Kenisha Nelson, PhD, is a full-time lecturer in the Faculty of Education and Liberal Studies (FELS) at the University of Technology, Jamaica and a research assistant with the None-in-Three Research Centre, Jamaica. Her research interests include topics on occupational health, stress and well-being, gender-based violence, and help seeking behaviours for mental health related problems.

Gareth Richards, PhD, is a Lecturer in the School of Psychology, Newcastle University. His research interests include evolutionary approaches to mind and behaviour, autism and autistic traits, testosterone, sex differences, and cerebral lateralisation and handedness.

Eirini Mavritsaki, PhD, is a Professor and Director of Research for the School of Social Sciences at Birmingham City University. Eirini has been working for 16 years in psychology and published extensively in reputable journals and books in the topics of cognition, neuropsychology and disorders, and cross-cultural differences. She has contributed to the International research community as Associate Editor in Frontiers in Psychology and Special issue editor in Frontiers in Psychology and Frontiers in Computational Neuroscience and a member of the Board of Directors of the Organisation for Computational Neuroscience (OCNS). Eirini was awarded by the British Psychological Society the Cognitive Section Award in 2012.

Theodoros Giovazolias, PsychD, is Professor of Counselling Psychology at the Department of Psychology, University of Crete, Greece. His research interests focus on parental and intimate acceptance-rejection and its correlates on the psychological adjustment of children and young adults. He also conducts research on students’ mental health. He is Honorary Editor-in-Chief of European Journal of Counselling Psychology and serves as Editorial member and ad-hoc reviewer in more than 30 international peer-reviewed journals.

Katerina Koutra, PhD, is Assistant Professor of Clinical Psychology at the Department of Psychology, University of Crete, Greece. Her research interests focus on intrafamilial relationships in severe mental disorders, psychosocial determinants of child neuropsychological and behavioural/emotional development from childhood to adolescence, and students’ mental health.

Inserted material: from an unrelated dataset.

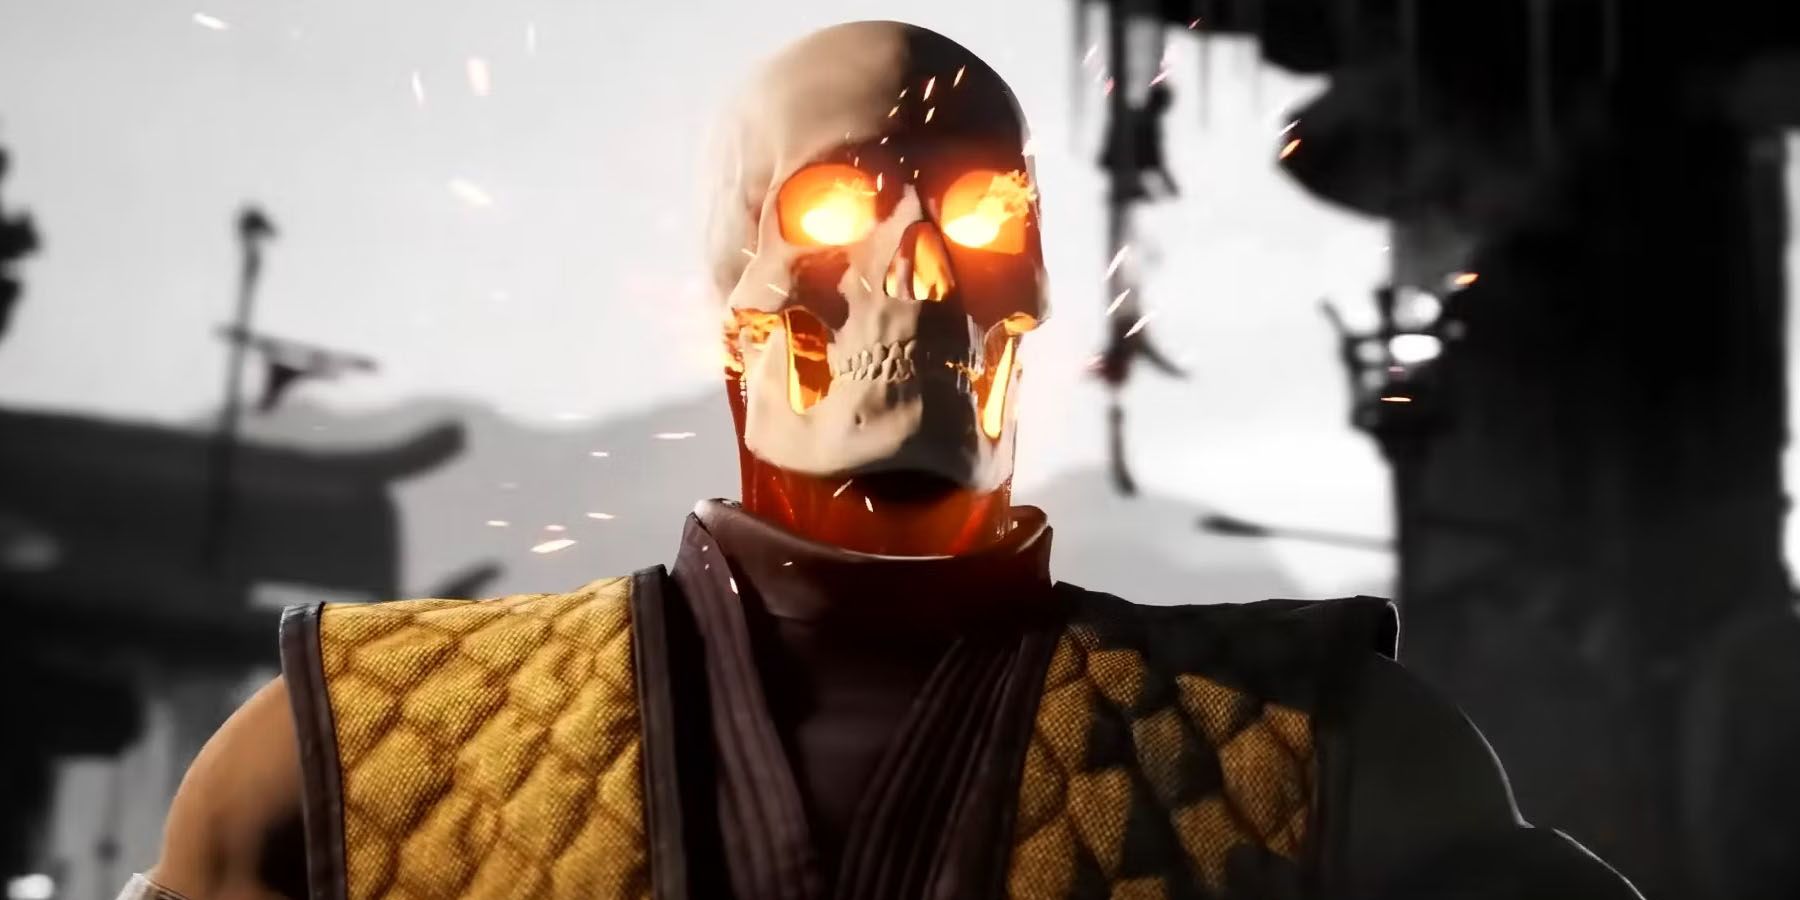 A screenshot of Kameo Scorpion preparing to perform a Fatality with his flaming skull exposed in Mortal Kombat 1.

Ben Mellor, BSc, MSc, is a Higher Research Assistant within Cumbria, Northumberland, Tyne and Wear NHS Foundation Trust. He is a Researcher affiliated with the School of Psychology at Newcastle University with interests in the efficacy of mental health formulations, participatory research methodologies, assortative mating, autism and autistic traits.

Maria Clelia Zurlo, PhD, Full Professor and Head of the Dynamic Psychology Laboratory at University of Naples Federico II, Italy. Her research covers the areas of Health Psychology and focuses on the development and applications of models and tools for the evaluation of stress dimensions and psychological and physical health conditions with reference to a wide range of target populations i.e., students, teachers, immigrant workers, nurses, partners of infertile couples, clinical patients. She is the author of more than 70 scientific publications in these areas of expertise, with several international co-authors.

Andrew Paul Smith, BSc, PhD, FBPsS, C.Psychol, FRSM is Professor of Psychology and Director, Centre for Occupational and Health Psychology, Cardiff University. He has been at Cardiff since 1999 and has conducted research on: occupational stress and fatigue; seafarers’ fatigue; driver fatigue; nutrition and behaviour; caffeine; chewing gum; well-being at work; and factors influencing children’s well-being and performance. He has published over 500 papers and given over 200 invited talks and conference papers.

Federica Vallone, PhD, Researcher at the University of Naples Federico II. She received her Doctorate in Human Mind and Gender Studies at University of Naples Federico II in collaboration with the Centre for Occupational and Health Psychology, Cardiff University. Her research covers the areas of Occupational and Health Psychology in students, teachers, nurses, and partners of infertile couples.